Company went into the liquidation and liquidators are argued that the debentures used by Salomon as security for debt was invalid on the ground of fraud. The judge Mr. Vaughan Williams J. Accepted the appeal ruling that since salomon had created the company solely to transfer his business. As the principle was liable for the debts to unsecured creditors and the company was in reality his agent and he also.

Judgement :
The court were held and decision in favour of the shareholders and old man Salomons relatives. The main fact was that the shareholders were all related to old man Solomon was irrelevant in determining the corporation legimately existed as a separate entity.

Conclusion :
Thus the individuals, shareholders were not held liable for the corporations debts. The court of UK appeal of anti semetic and felt salomon was a fraud and his company was a sham but the house of lords court stated that the company was properly set up and there was no fraud and thus Salomon was distinct entity from his company and his directorship and also shareholding and his rights as a secured creditor. From the analysis we can say various exceptional circumstances have been delineated both by legislatures and the judiciary in the England and also other countries when courts can legitimately disregard a companys separate legal entity such as where crime or fraud has been committed and although salomon case is cited in court to this day and it has met with the considerable criticism.

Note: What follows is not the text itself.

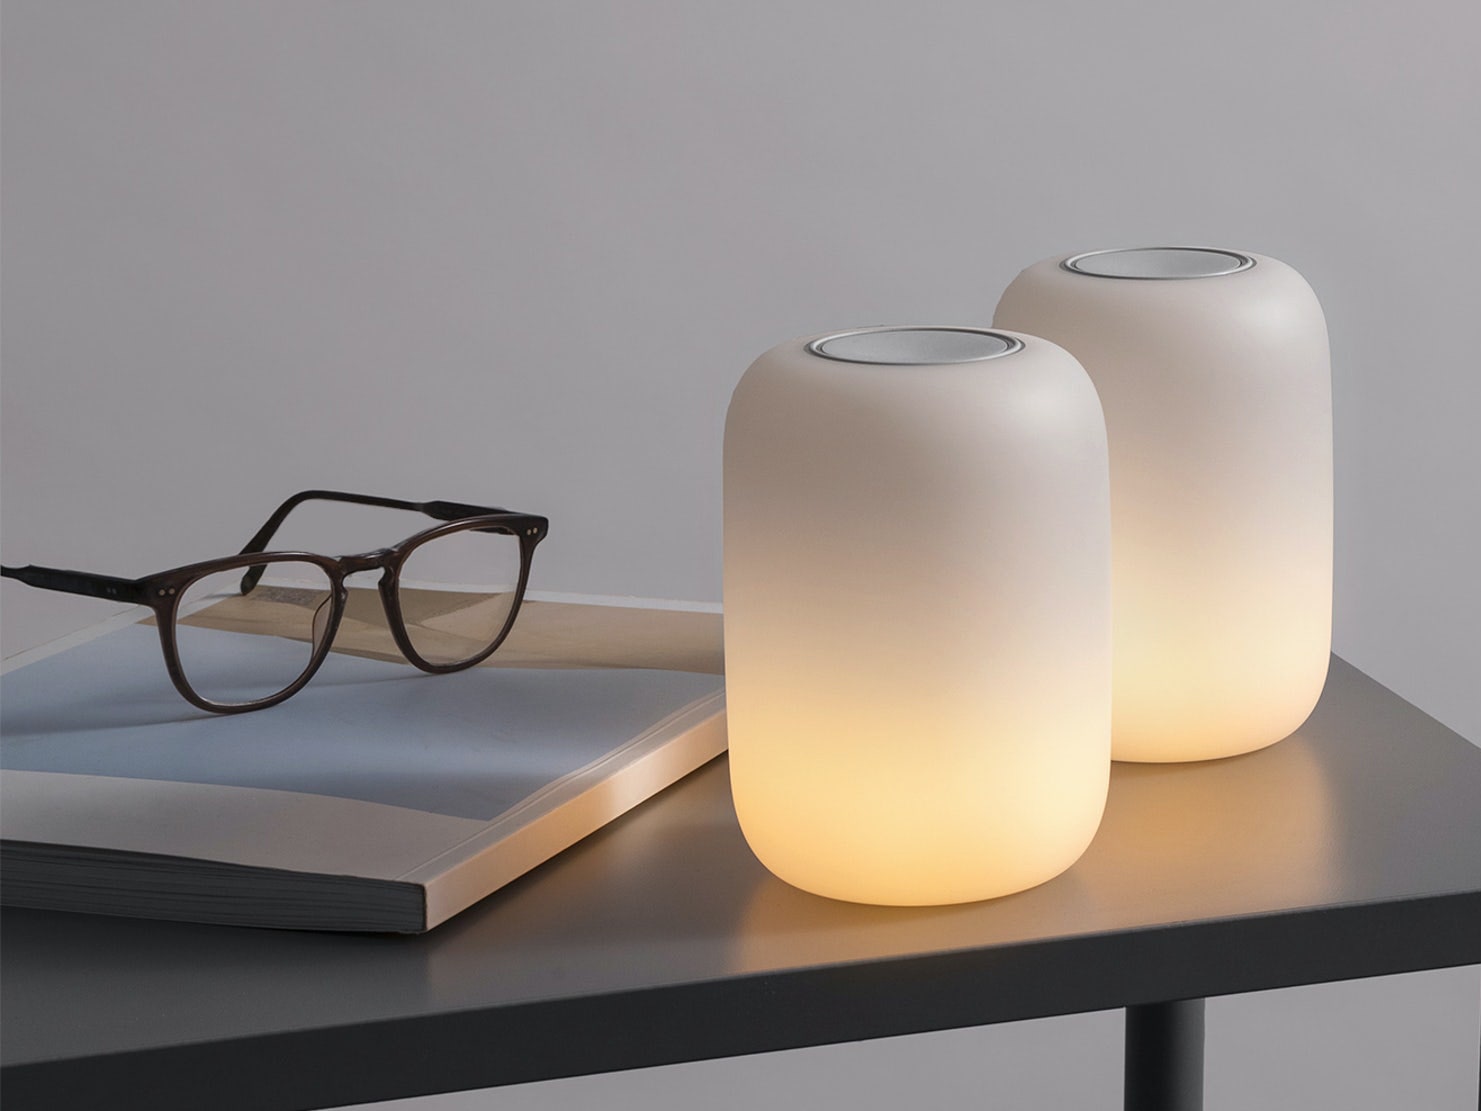 Casper Glow Lights sitting on table next to book and glasses

CASE NO. 03 : ASHBURY RAILWAY CARRIAGE


Introduction & Findings :
Here in this case of Ashbury Railway Carriage company the main objects set out in the companys memorandum were to make and sell or land on hire railway carriage and wagons and also other all kinds of railways plant, machines, fittings, rolling stock to carry on the business of mechanical engineers and general contractors to lease or purchase sell mines, lands and buildings to sell and purchase merchants, coal and other materials on commission as agents.

Judgement :
4

Judgement plays a significant role, the construction of a railway as distinct from rolling stock was ultra vires. So therefore action for the breach of the alleged contract failed as it was void. So Richie cannot sue file against the company and contract will be null and void.

Conclusion :
Thus by analysing the case we can say that by applying t modern law to the Ashbury case directors committed a breach of duty by making the contract and might have been restrained by action by member of the company but as once the contract was made its validity could not be questioned provided that the making of the contract was act done by the company. By dealing with the company in good faith a person the power of the board of directors to bind the company or authorise others to do so, shall be deemed to be free of any limitation under the companys constitution. It is important for the consideration. The objection met by Sec 35A 1 that it was not such an act because the director had no power to make the contract.